No. While on occasion I think what a delight it would be to have a terrific son or daughter, my life is full, sometimes difficult, fascinating, and fulfilling. With a few relatively minor health challenges, I tire easily. God has known what is best for me all along, and has given me new dreams and purpose. I wouldn’t trade it. THIS is where God has me and I am grateful.
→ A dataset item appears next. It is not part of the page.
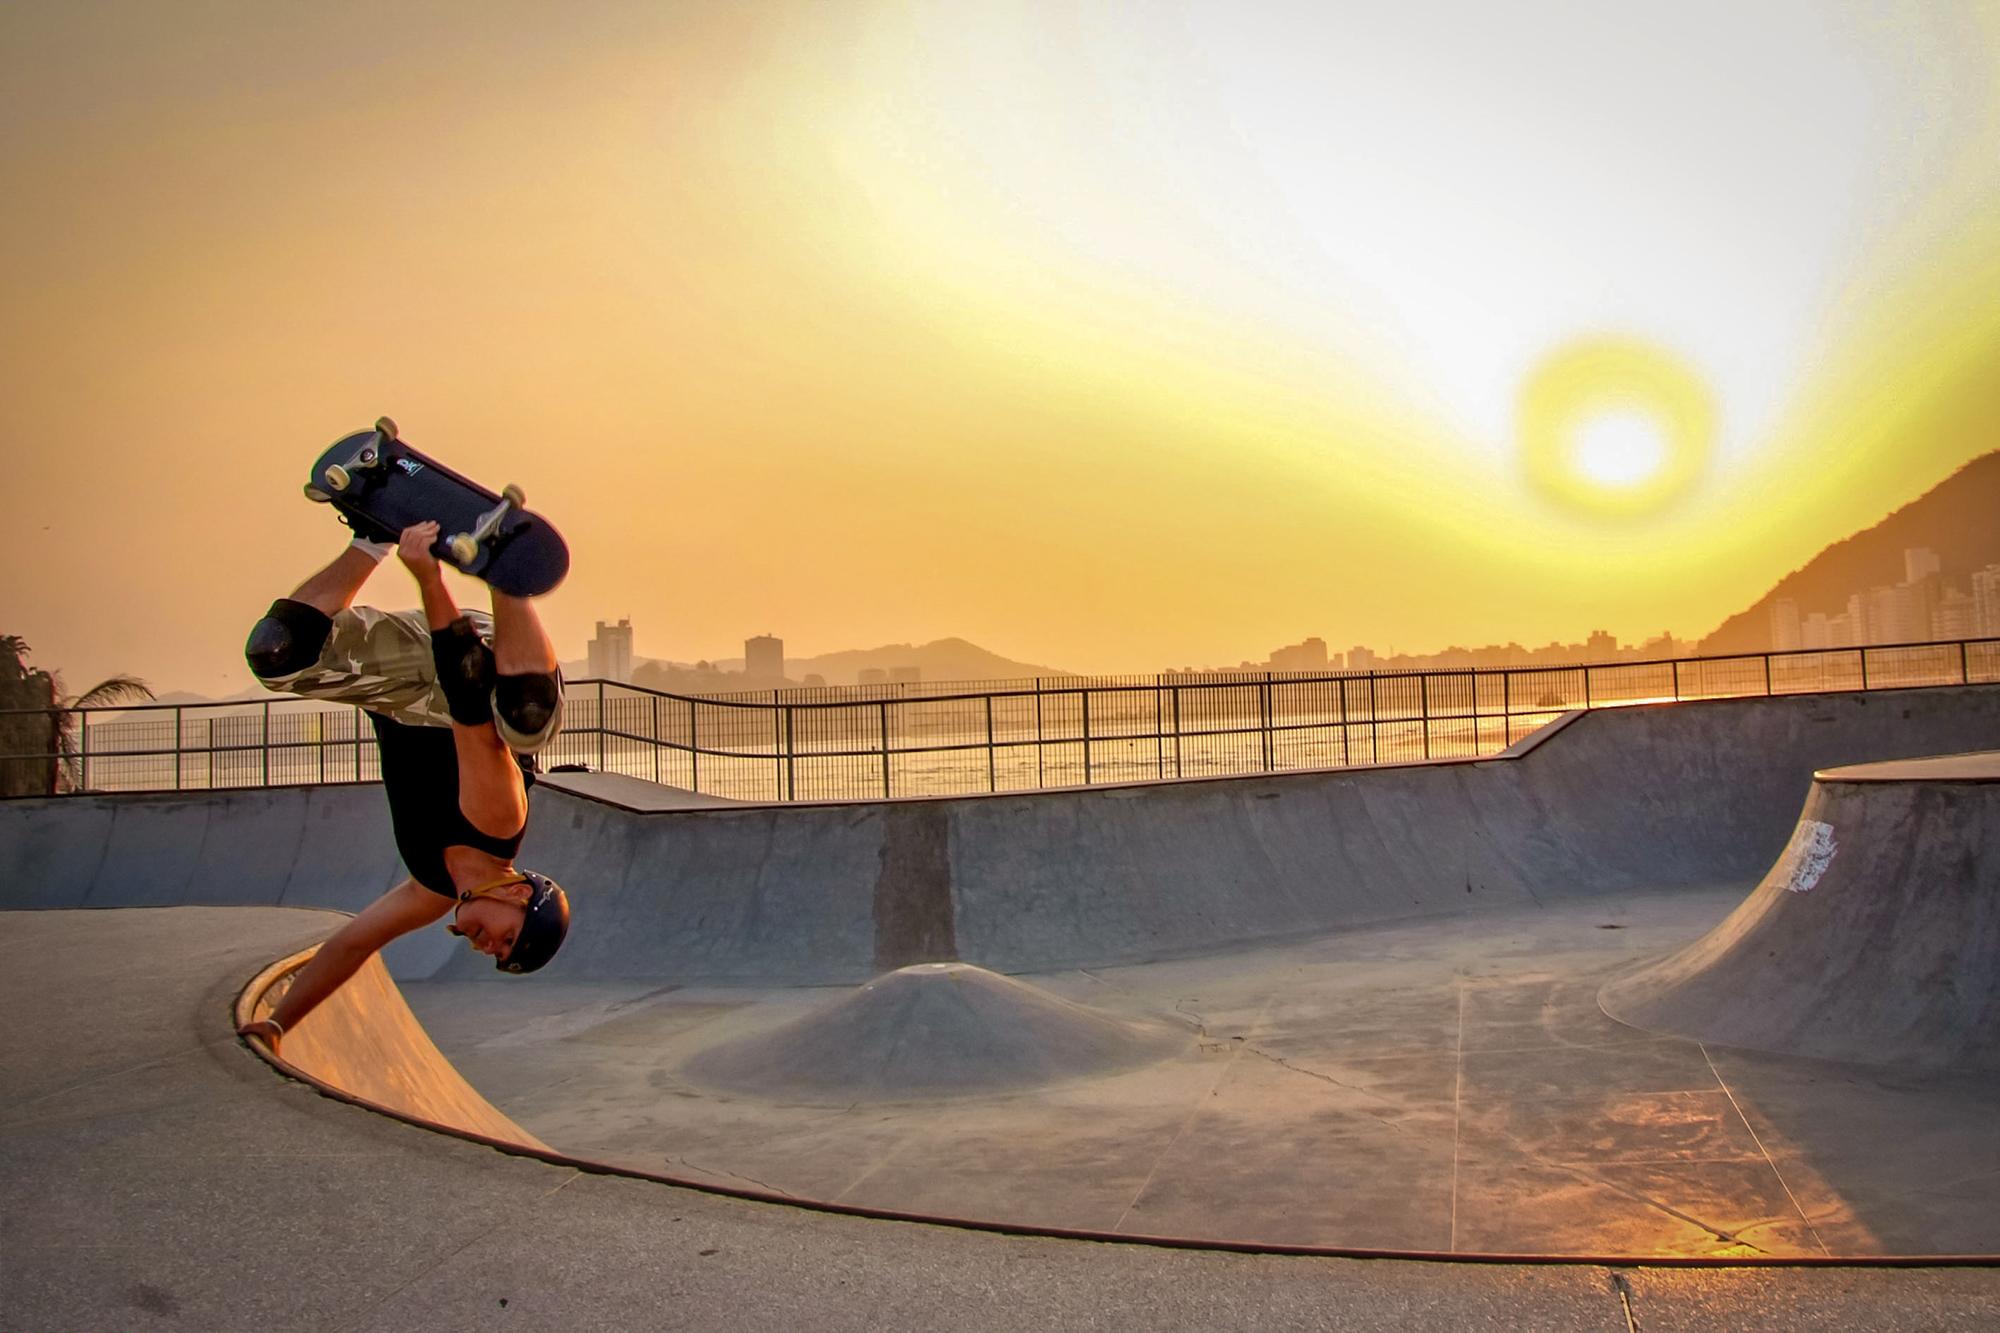 skateboard ramp trick park sunset flip

How have your dreams changed over the years? Is there something you’re still asking God to do in and through you?

Comments

  1. Charise says:

    This is a very powerful post. I am grateful for my children and yet grieve that a long lasting and joyful marriage is not part of my life. I don’t know if that will change. But you’ve given me something to think about.

    1. carolnl says:

      Thank you, Charise. Your comment is meaningful to me. I also appreciate the dreams for writing God has planted in you. Blessings!

  2. Karen O'Connor says:

    Carol, your blog is aptly titled as you always express so much hope and encouragement in your weekly posts. Thank you for that. My dream was to be married to my first husband for the rest of my life, to grow old together. That was not to be as he left our family after twenty years. But God restored hope when I met and married Charles and we had 35 wonderful years together, filled with joy, challenge, love, and commitment. But now he has gone to heaven and I’m on my own–with God. I’ve learned to turn my dreams over to the Lord rather than fixating on how I want them to be fulfilled. Life is the best when I surrender my will to His. “My purpose is to give you life in all it fullness.” John 10:10

    1. carolnl says:

      John 10:10 is such a meaningful promise. As we have both learned, our ways are not always His ways, but His ways are best. I love you.

  3. MarJean Peters says:

    Oh Carol, I rejoice in this victory in your life. Sometimes God uses children to conform us into His image, sometimes He uses other means but the conforming comes either way. I love Hebrews 12:1b “Let us run with perseverance the race marked out for us, fixing our eyes on Jesus. . .” I would not have chosen my path either but now you and I know God chose our paths for us in all love and wisdom. I’m sending you hugs!

    1. carolnl says:

      Thanks, Jeannie. I rejoice in how God has led you in your paths for His glory. Love you!

  4. Columba Smith says:

    That has to be one of the hardest dreams to relinquish, Carol. It’s beautiful to read about your genuine love for God and others, and your trust in Him. I too have grieved over not having a lifelong marriage. In a way, it’s tragic to go through life alone. But recently I realized that the real tragedy would be to go through life without Jesus!

    1. carolnl says:

      Columba, I love your last statement – the real tragedy would be to go through life without Jesus! Amen to that. Thanks for your comment.